核酸染料SYBR Green I
產品簡介:
本品用DMSO溶解,因為DMSO熔點是18.3℃,使用前請放置到室溫充分溶解。
操作步驟(僅供參考):
一、膠染法(用法通EB)( 推薦方法,見圖1)
1、制膠時加入SYBR Green I 核酸染料。冷卻膠到 50℃左右,每100ml膠中加入1-3μl
SYBR Green I核酸染料(見圖 1)。
2、按照常規方法進行電泳即可。
3、用紫外凝膠透射儀或可見光透射儀觀測。藍光可透過玻璃,觀測聚丙烯酰胺凝膠時,
可直接將托有凝膠的玻璃平皿放入可見光透射儀內觀測。
需要注意的是:此方法染色能準確確定片段分子量且用量較少。1ml 染料可以做 1000 塊10 ml 膠,每塊膠點50個樣,可做50000次。
二、點染法(見圖3)
1、該方法適于瓊脂糖凝膠電泳和PAGE凝膠電泳。
2、工作液的配制:用電泳緩沖液將10000×的SYBR Green I 稀釋100倍,即為SYBR Green
I 工作液。SYBR Green I 工作液可以置2~8℃保存一個月以上, 濃縮液在-20℃保存半年。
3、制膠:按常規方法制膠,不含任何染料。
4、樣品染色:向分析樣品中加入SYBR Green I 工作液和載樣緩沖液,室溫放置10分鐘,
使SYBR Green I 與樣品中DNA充分結合。SYBR Green I 工作液加入量為總上樣量的1/5~
1/10。
5、DNA Marker染色:將5μL DNA Marker、5μL DNA Marker稀釋液和1μL SYBR Green
I 工作液混勻,室溫放置5分鐘,使SYBR Green I 與DNA充分結合。
6、上樣、電泳:按常規操作。
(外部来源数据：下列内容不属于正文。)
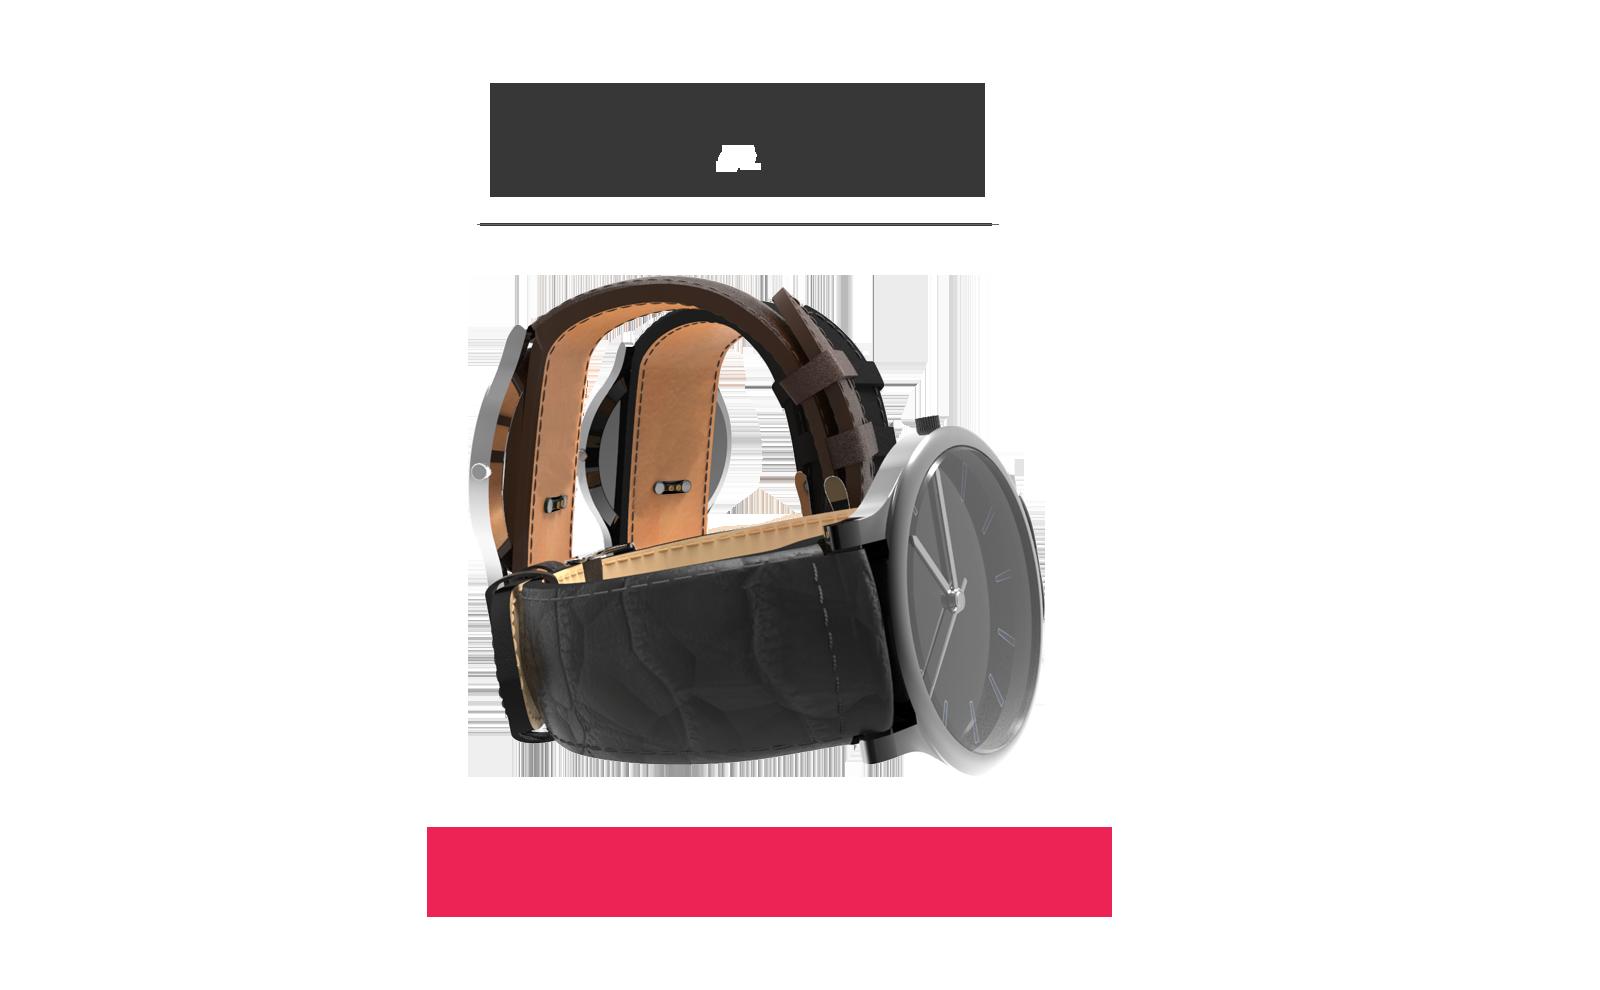 3d-model-classi_28970642051_o.png

用紫外凝膠透射儀或可見光透射儀觀測。藍光可透過玻
璃,觀測聚丙烯酰胺凝膠時,可直接將托有凝膠的玻璃平皿放入可見光透射儀內觀測。
注意:用點染法染色時,染料用量少。通常點一個樣加入 1μL 即可,可以
使用 10000 次, 但大片段稍有滯后現象,如果需要更準確確定分子量(與Marker對比),建議使用膠染法。
三、泡染法
1、按照常規方法進行制膠,其中不含任何染料。
2、用 pH 7.0 - 8.5 的緩沖液(如:TAE, TBE),按照 1﹕1000 的比例稀釋SYBR Green
I 核酸染料,混勻,制成染色溶液。
3、將染色溶液倒入合適的聚丙烯容器中,放入凝膠,用鋁箔等蓋住容器使染料避光。室
溫振蕩染色 10-30 分鐘,染色時間因凝膠濃度和厚度而定。聚丙烯酰胺凝膠直 接在玻璃平
皿上染色,將配好的稀釋溶液輕輕地倒在膠板上,讓稀釋液均勻地覆 蓋整個膠板,并染色 30
分鐘。玻璃平皿必須預先經過硅烷化溶液處理(避免染料吸附在玻璃表面上)。
4、用紫外凝膠透射儀或可見光透射儀觀測。藍光可透過玻璃,觀測聚丙烯酰胺凝膠時,
可直接將托有凝膠的玻璃平皿放入可見光透射儀內觀測。
需要注意的是:用泡染方法染色時,可以確定核酸片段分子量。但是三種方法中染料用量的。
幾種染色方法特點比較:
儲存條件:2-8℃避光干燥可保存24個月
注意事項:
1、 Sybr Green 核酸染料樣品點染方法中,電泳不要超過 2 小時,以免核酸染料從 DNA/RNA 上分離出來,產生彌散狀條帶。
2、用點染方法染色時,條帶稍有滯后現象,如果需要確定片段分子量(和 Marker 對比),建議用膠染法和泡染法。
3、常規用酒精沉淀核酸過程中,SYBR Green I 核酸染料可以全部從核酸上去掉。
4、DNA電泳請選擇SYBR Green I 染料,RNA 電泳請選擇SYBR Green II染料,兩種染料不通用。
5、SYBR Green I 核酸染料對玻璃和非聚丙烯材料具有一定親合力。建議在稀釋、貯存、染 色等使用過程中用聚丙烯類容器。
可以加Orange Red 作為標記. pH值在7.5-8.3之間,不要微波加熱,加入熱膠的溫度低于50度。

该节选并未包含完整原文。